Now, developing your own program takes research and self-knowledge essentially. If you know how to workout, if you know how your body works, and how it recovers and how you develop strength and power, Then you should know how to properly design a program. Maybe it's not on paper, but it's in your mind. As opposed to someone new, a beginner to lifting weights, he/she will have no idea what to do, how to proceed, and how to go about form/techniques. It's important to consider all elements of weightlifting/bodybuilding to be efficient in achieving your goals. 

8) TECHNIQUE | FORM | 



- Very very important

- Focus on proper technique and form

By focusing on form and technique, it'll help with stabilization and much more. You'll have better strength and performance output. And you're less vulnerable to injuries. Therefore, focus on proper form! I see tons of people doing some weird things, and you know why they have back problems or injuries? BECAUSE they do not focus or prioritize on proper form. Not utilizing proper form will F*** you up, literally. I've seen some gruesome injuries on youtube regarding weightlifting with improper form. It's crazy. It's all about how well you can control your body and the mechanics. When you do go about proper form, it'll be much easier to train and too develop gains.


9) Body Weight Matters



You do not want to be super lean and ripped and trying to hit a massive PR. That is just silly. Plus, you're super vulnerable to injuries, therefore, I do not recommend lifting HEAVY a** weights when you're ripped. People who have experience with lifting heavy can get away with being lean because they have the proper knowledge and experience as opposed to someone new. With that being said, you do not have to be fat or big to lift heavy - just don't be malnourished or super-lean when lifting super-heavy.

Being lean causes

- Weak bones

- Weak joints

- Weak tendons

When you aren't shredded, you have better nourishment - therefore, your body, muscles, tendons, etc will be durable, stronger, harder to injure.


10) Breathing Techniques



Breathing is one of those elements that we don't pay attention to, but we should. By bracing yourself, you can help stimulate muscle fibers to help execute a lift. Simply put, bracing is the ability to keep tension throughout your torso so that your body doesn't collapse on itself during your lift. 

- Topic about bracing and breathing

> Focus on breathing, don't exert yourself too much

> Brace yourself. Squeeze your core, and the weights to execute the exercise precisely. 

> Don't hold your breath for too long


11) Wearing Gym Equipment



Knee Pads, Elbow Sleeves, Knee sleeves, Belts, etc can be used to help as an extra measure to prevent/avoid injures. Weightlifting belts for example can help emphasize to the user that you should brace your core when lifting. When wearing a belt, it tightens your midsection, giving you this sensation to brace your core for some reason. However, if you're planning to use gym equipment 100% of the time, you will be prone to injuries because the muscles you're trying to stabilize aren't strong enough to perform a lift outside from the equipment. Therefore, it's recommended to train with both sides - using and not using the equipment at necessary times.


12) Lifting Technique




Which is an effective lifting technique?

Do not attempt to lift by bending forward.

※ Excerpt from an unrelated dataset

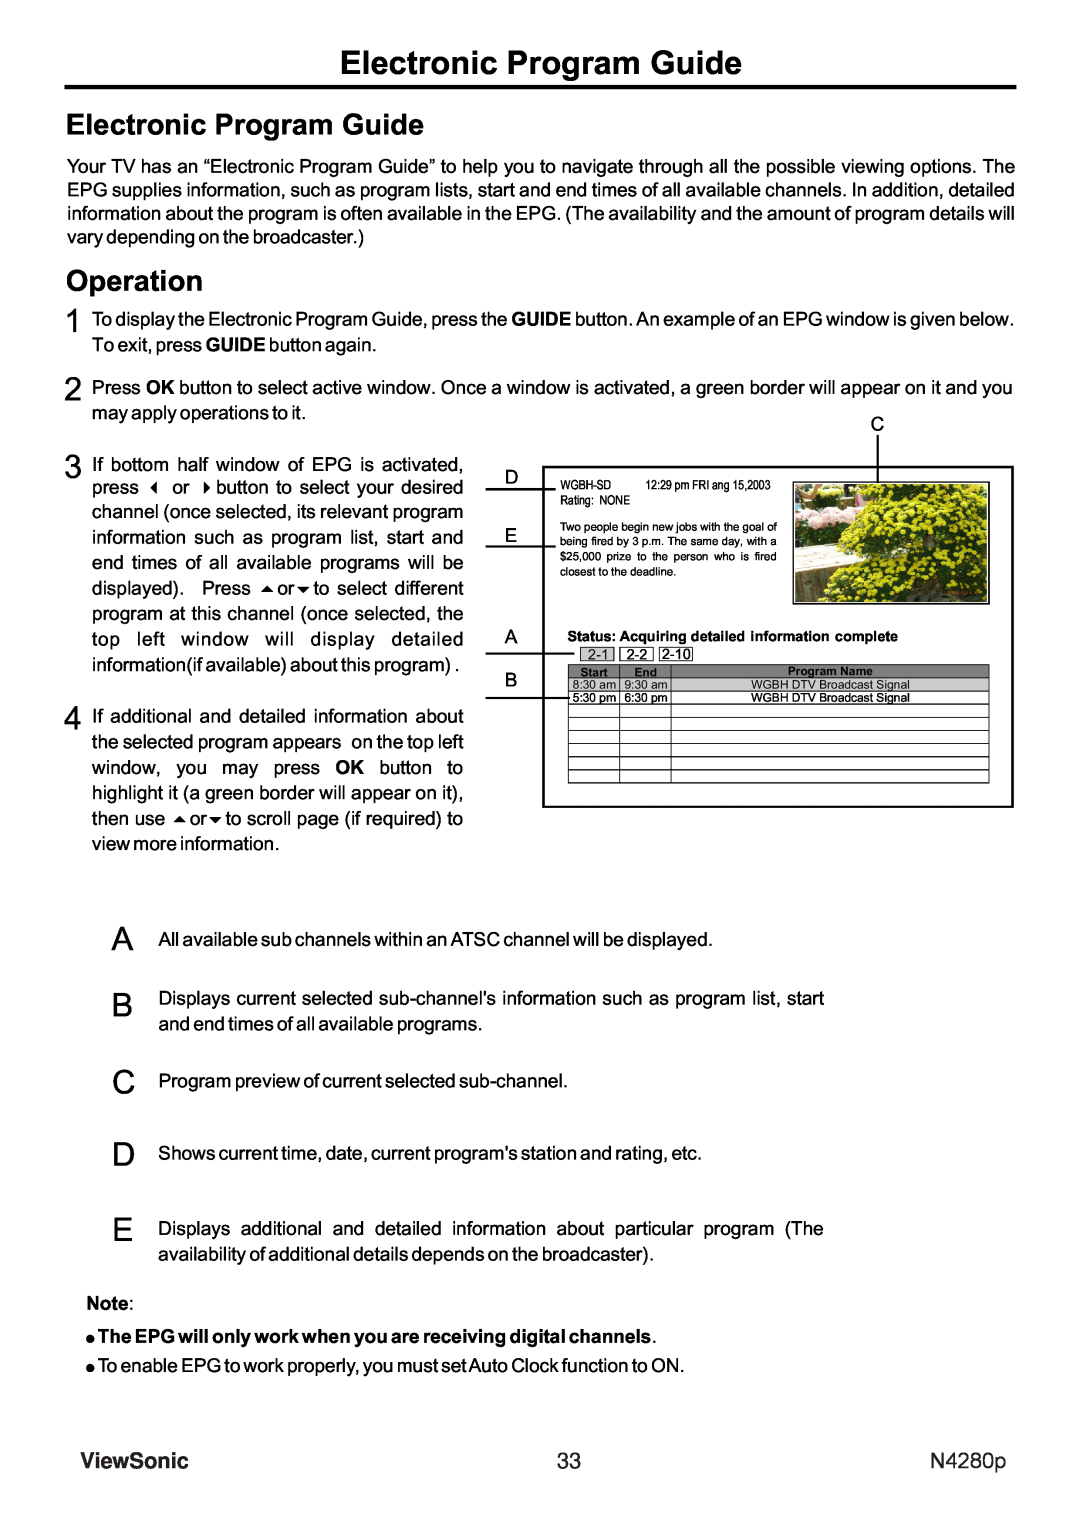 ViewSonic N4280p manual Electronic Program Guide, Operation, A B C D E, ViewSonic

Bend your hips and knees to squat down to your load, keep it close to your body, and straighten your legs to lift. Never lift a heavy object above shoulder level. Avoid turning or twisting your body while lifting or holding a heavy object.

What is the safe lifting zone?

Your Safe Lifting Zone is between your hips and shoulders. Lifting and carrying objects in this area is considered proper body mechanics and provides the best chance for minimizing injury. Your At-Risk Zone is below the knees or above your head.